It’s coming up on tax time and if you’re anything like most of the country’s working population, it’s likely you’re scrambling to think of items to deduct and ways to ensure you don’t get stung by the all-mighty and powerful ATO. This is especially true if you’re a small business owner.
Filing taxes as a small business, unlike filing as an employee, can often be a long, frustrating, and especially confusing affair. Even with an experienced accountant at your side, you’re often left second-guessing yourself about whether all your deductions are sound or whether you missed a deduction that could’ve resulted in you paying less tax.
Whilst we certainly can’t advise you on the finer points of the Australian tax system, we do know a thing or two about offices. More specifically, we know quite a bit about office coffee machines, and it just so happens you may be able to save some money on your taxes thanks to your 7 Grams machine.
Of course, it all depends on a few different factors.
“This great office perk keeps employees happy and caffeinated, making it a wise investment that’s also fully tax deductible at tax time,” Liz Russell, a senior tax manager for online tax return provider Etax, recently told the Sydney Morning Herald, in an article outlining different ways Australian business owners can take advantage of the government’s new $20,000 instant tax write-off for small businesses.
First things first: Russell advises, “You should always seek the advice of a tax agent before making any big ticket purchases to make sure firstly what you’re looking to purchase is claimable on your tax return, and secondly, that it actually makes financial sense for your business to make the purchase.”
Naturally, a high-quality office coffee machine makes perfect sense and it’s also likely you’ll be able to write off your coffee machine in full, provided you check certain criteria. According to professional accountants from Oneflare, “Depending upon the costs involved [a coffee machine] could potentially be claimed in full or may have to be depreciated. You can check this with your company tax accountant.”
Firstly, in order to claim your coffee machine as a tax write-off, you absolutely have to be a business owner. Employees can’t claim a machine even if they purchased it to make themselves a creamy, rejuvenating brew every morning. Secondly, if you are a business owner, you can’t be home-based.
The machine effectively has to be used for business purposes only, so it can’t be located on your home premises where you conduct a home-based business.

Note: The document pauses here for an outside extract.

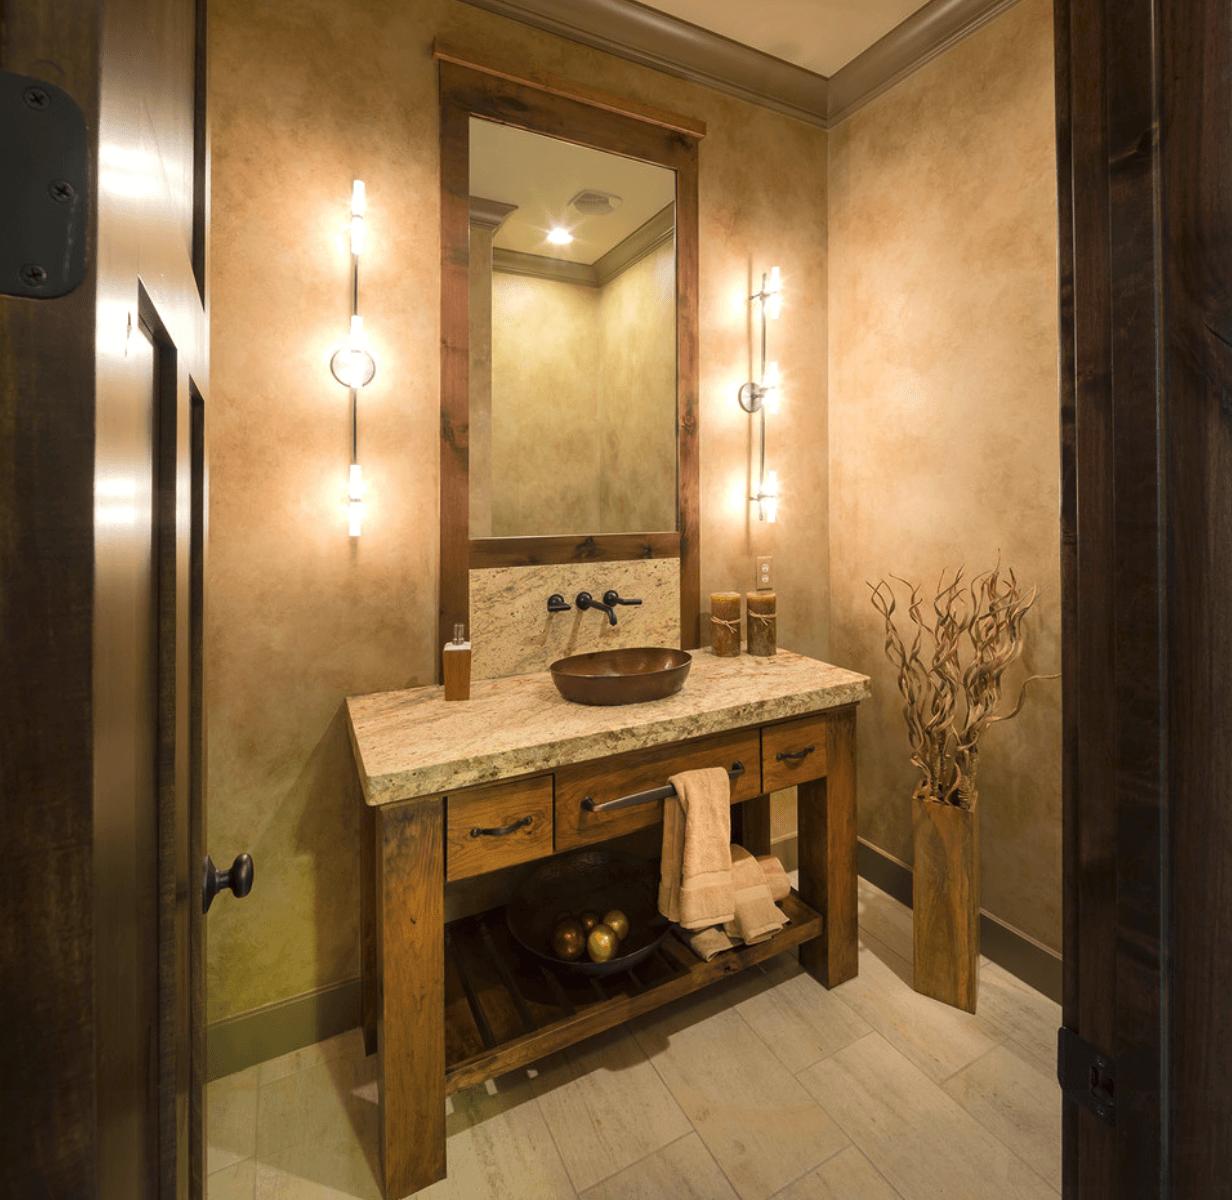 Banheiro Banheiro Moderno #B37A18 1232x1200 Balcao Banheiro Moderno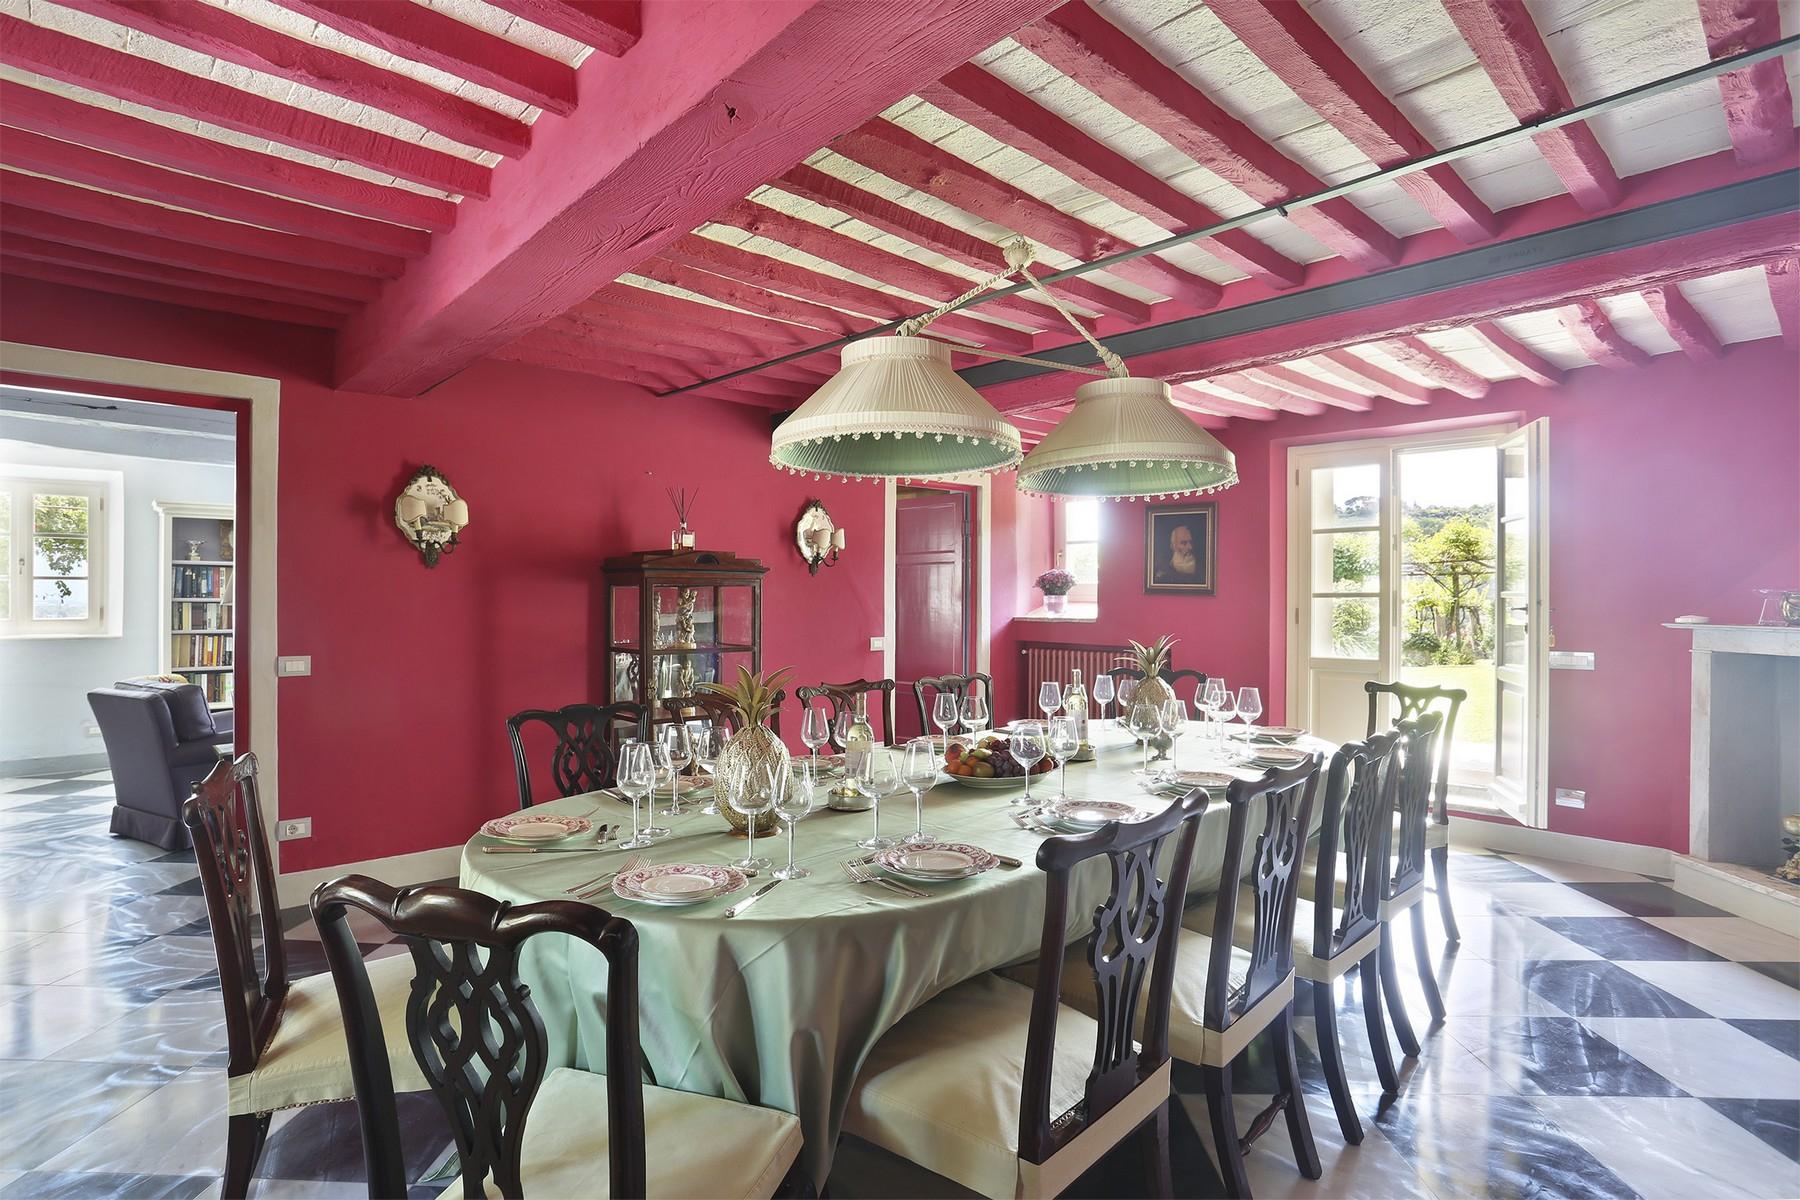 Villa in Vendita a Lucca: 5 locali, 735 mq - Foto 24

If your office isn’t in the home, then you can claim the full cost of your machine, provided you’re not registered for GST. If you are, you can still make a claim, but you will not be able to claim the entire cost.
As Russell said, it’s important to clear any deductions with an accredited tax professional before you claim them on your return, but if you fall under the right criteria, that morning brew that perks you up at your desk each morning may also be your best friend come tax time.